Strangely, it's become a collectors item I'm told,
sought after by the folk who think things can be owned.
Yet, despite my ineptitude, I couldn't let it go,
because it has become a symbol of something more
than just an instrument longing to be tuned.
It's something symbiotic I couldn't do without,
nor, I think, could it do without my love
of its mellow tone, the timbre of its veneer.

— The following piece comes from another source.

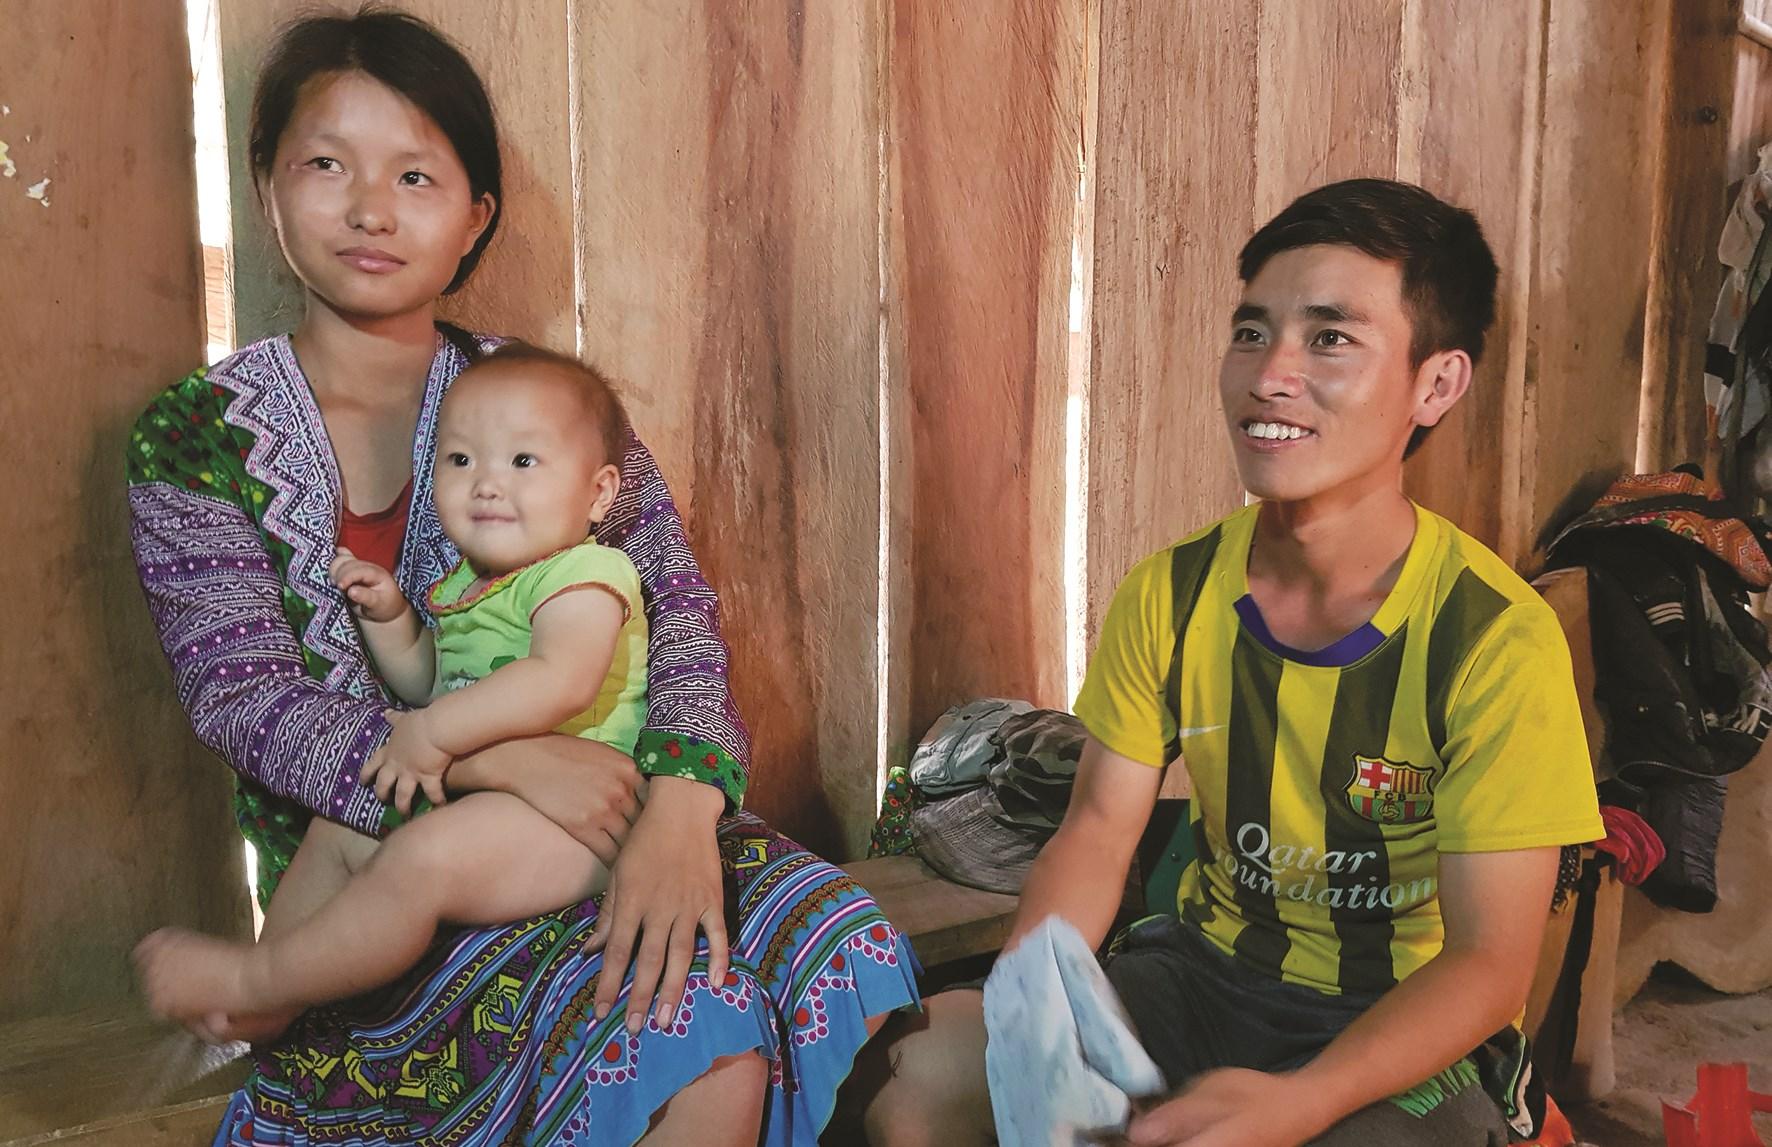 Thế hệ trẻ DTTS trên địa bàn tỉnh Thanh Hóa đã được nâng cao nhận thức pháp luật, hôn nhân và gia đình. (Ảnh minh họa)

I have recently had it re-fretted and restored,
returned to the beauty of its former days.
The action has been lowered, effortlessly it plays
all those three chord tunes I struggle to recall.
And I have been inspired to honour its stoicism
by tending to its needs each ensuing day,
forgoing that neglect which I previously offered,
seeing it for itself; the core of my beating heart.
Published
Categorized as Poems

By Arthur Richardson

Very part time poem maker. Retired from paid work.

6 comments

  1. You built so brilliantly on the fundamental fear of any artist – that our tools of the trade could do more in more talented hands – while capturing the magic that even though other hands could wield them differently, they are our own. I love it.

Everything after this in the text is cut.